【发布时间】:2014-11-15 15:48:56
【问题描述】:
这是一个简单有效的 HTML 表格 (live demo):
<!DOCTYPE html>
<html id="world_presidents" xmlns="http://www.w3.org/1999/xhtml" lang="en" xml:lang="en">
<head>
<meta charset='utf-8' />
<style>
table, td, th {
border: 1px solid grey;
}
</style>
</head>
<body>
<table>
<tr>
<th>Name</th>
<th>Took office</th>
<th>Resources</th>
</tr>
<tr>
<td><a href="http://en.wikipedia.org/wiki/George_Washington">George Washington</a></td>
<td>1789</td>
<td><a href="http://books.google.co.uk/books?id=t1pQ4YG-TDIC&pg=PA148&dq=#v=onepage&q=&f=false" title="encyclopedia">Encyclopedia</a>(<a href="http://constitutioncenter.org/media/audio/ron_chernow_10-18-10_(64).mp3" title="Subresource">Sub Resource</a>)<br>
<a href="http://en.wikipedia.org/wiki/George_Washington#CITEREFParry1991" title="parry">Parry 1991</a></td>
</tr>
<tr>
<td>John Adams</td>
<td>1797</td>
<td><a href="http://www.adherents.com/people/pa/John_Adams.html" title="Adherents.com">Adherents.com</a></td>
</tr>
<tr>
<td>Thomas Jefferson</td>
<td>1801</td>
<td><a href="http://books.google.co.uk/books?id=qkTPAAAAMAAJ&redir_esc=y" title="Government Printing Office">Government Printing Office</a></td>
</tr>
<tr>
<td>James Madison</td>
<td>1809</td>
<td><a href="http://www.loa.org/volume.jsp?RequestID=16§ion=toc" title="Library of America">Library of America</a><br>
<a href="http://quod.lib.umich.edu/cgi/t/text/text-idx?c=acls;cc=acls;view=toc;idno=HEB00509.0001.001" title="Federal Republic">Federal Republic</a></td>
</tr>
<tr>
<td>James Monroe</td>
<td>1817</td>
<td><a href="https://rads.stackoverflow.com/amzn/click/com/0813912660" rel="nofollow noreferrer" title="scholarly biography">scholarly biography</a></td>
</tr>
<tr>
<td>John Quincy Adams</td>
<td>1825</td>
<td><a href="http://www.common-place.org/vol-09/no-01/adams/" title="Common-Place">Common-Place</a> (<a href="http://dx.doi.org/10.1111%2F1467-7709.00049" title="Diplomatic History">Aditional - Diplomatic History</a>)</td>
</tr>
<tr>
<td>Andrew Jackson</td>
<td>1829</td>
<td><a href="http://statelibrary.dcr.state.nc.us/nc/bio/public/jackson.htm" title="Information Services Branch">Information Services Branch</a> (<a href="http://www.discovernorthernireland.com/product.aspx?ProductID=2801" title="Tourist Board">Tourist Board</a>)</td>
</tr>
<tr>
<td>Martin Van Buren</td>
<td>1837</td>
<td><a href="http://en.wikipedia.org/wiki/Holmes_Alexander" title="The American Talleyrand">The American Talleyrand</a></td>
</tr>
</table>
</body>
</html>
我正在尝试从列中获取所有数据,以便将其插入数据库。
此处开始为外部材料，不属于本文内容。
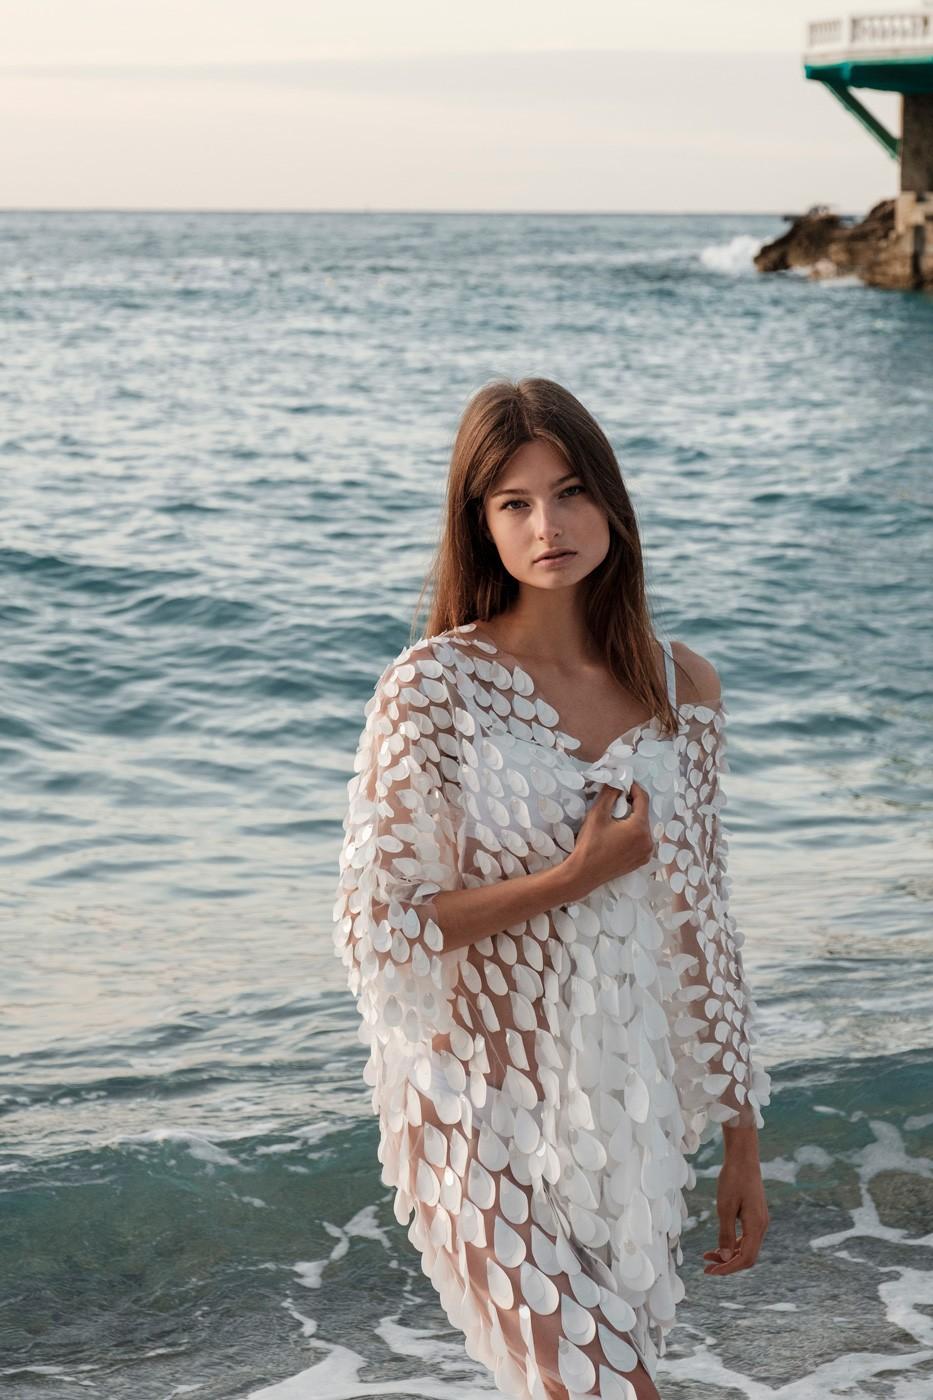 ELISA_NESS_Collection_2020_Oceane_06

当我试图从“href”属性中获取所有链接时,我被困在第三列。我在下面创建了适用于第一列和第二列的代码,但我找不到更改它的方法,因此它将显示第三列中的所有链接。
<?php
require_once 'simple_html_dom.php';
$html = new simple_html_dom();
$html = file_get_html('table.html');
//engine
//go through table and find href attributes
echo"<p>Presidents</p>";
foreach($html->find('//*[@id="world_presidents"]/body/table/tbody/tr/') as $row) {
$presidentsLink = $row->find('a', 2);
if(!empty($presidentsLink)){
echo $presidentsLink->href . "<br>";
}
}
?>
现在它只显示一个链接而不是 13 个 (live demo)。
简单来说:
- 我正在使用 Simple HTML DOM Parser 从 html 表中获取内容
- 我无法更改 thml 表
- 我的问题是从第三列获取所有 href 属性并显示它们
如果有任何帮助,我将不胜感激。
【问题讨论】:
标签: php html web-scraping simple-html-dom